• [What you will do] Reproduce the data that follows character for character, but omit its pictures.

• [Material provided]
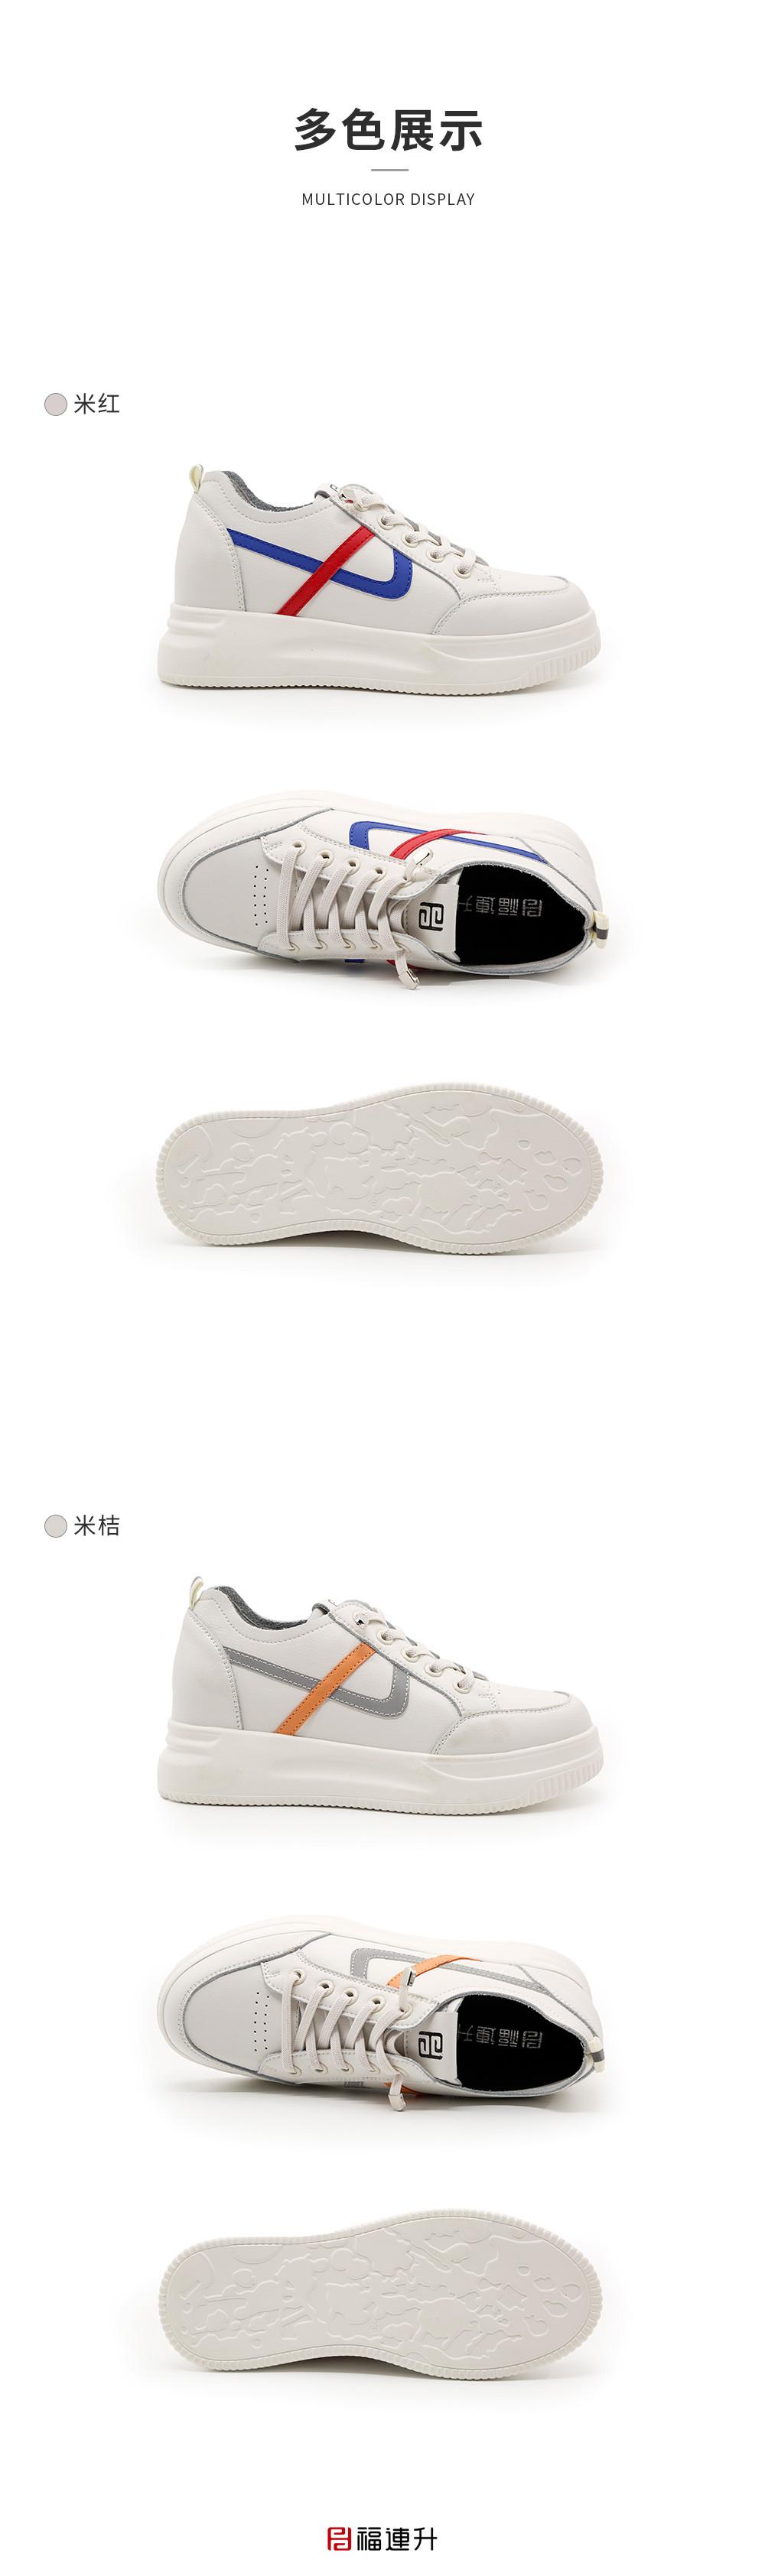 福连升休闲鞋20冬季小白鞋女百搭平底女鞋松糕鞋厚底板鞋图片
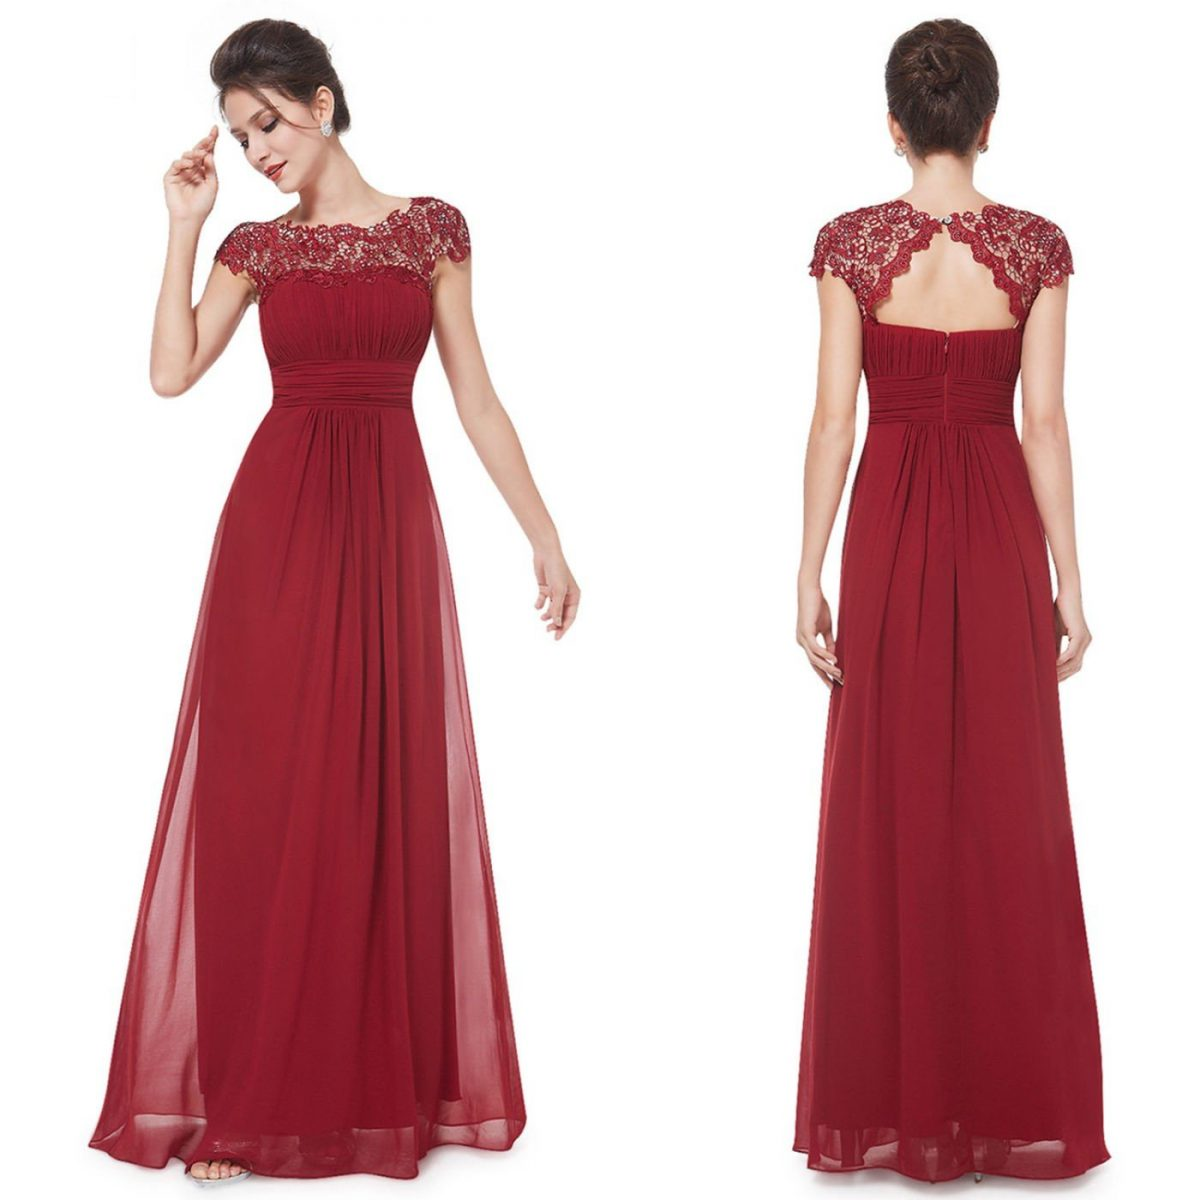 платье цветом марсала с кружевным верхом
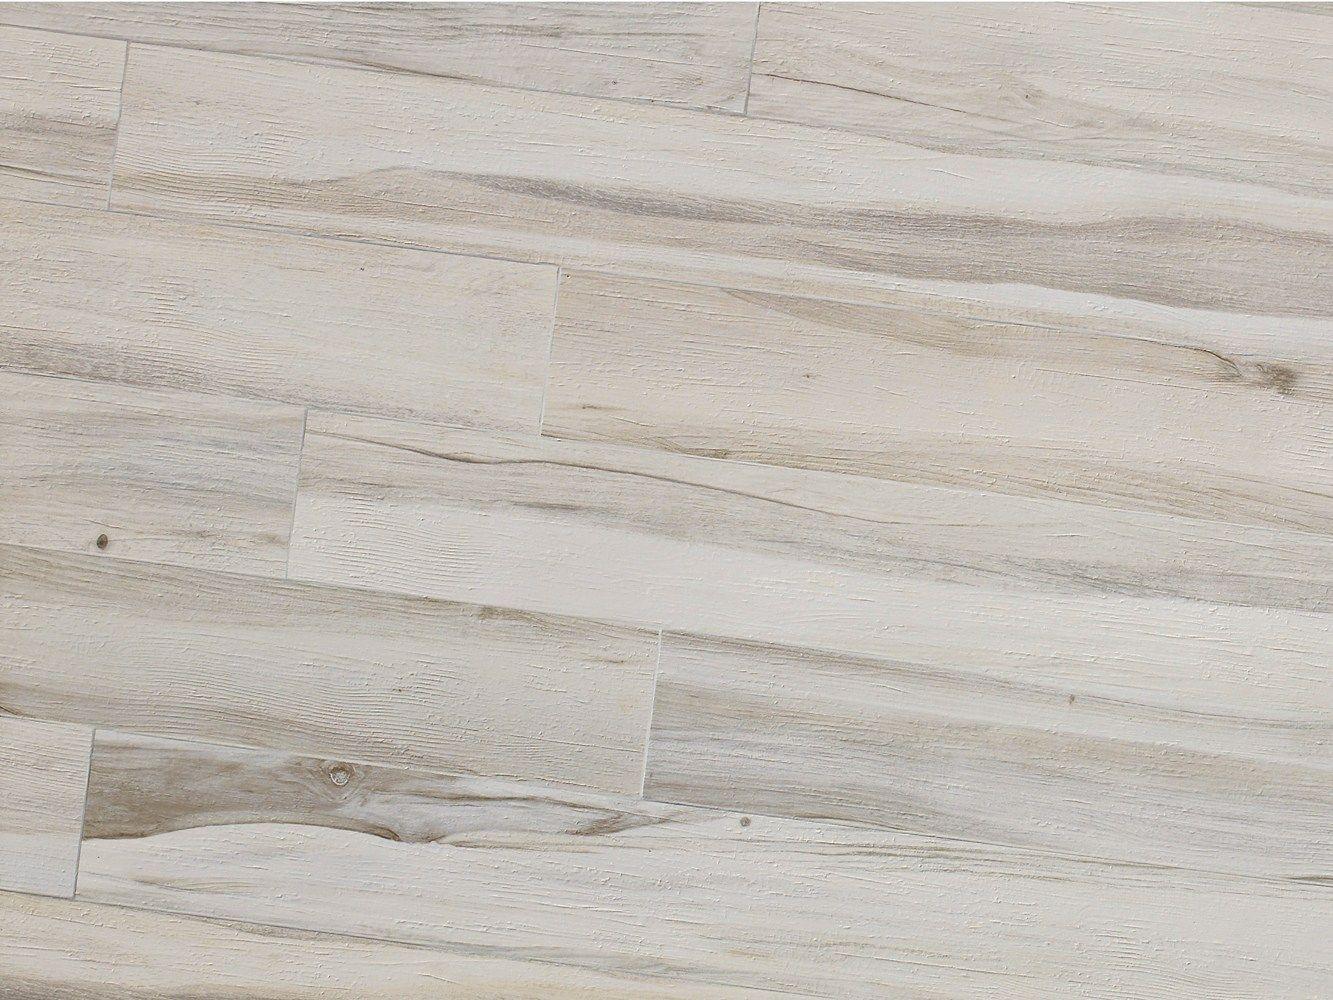 Pavimenti Effetto Legno Bianco : Pavimento in gres porcellanato effetto legno maxiwood rovere

• [Solution to the exercise]
 福连升休闲鞋20冬季小白鞋女百搭平底女鞋松糕鞋厚底板鞋图片
 платье цветом марсала с кружевным верхом
 Pavimenti Effetto Legno Bianco : Pavimento in gres porcellanato effetto legno maxiwood rovere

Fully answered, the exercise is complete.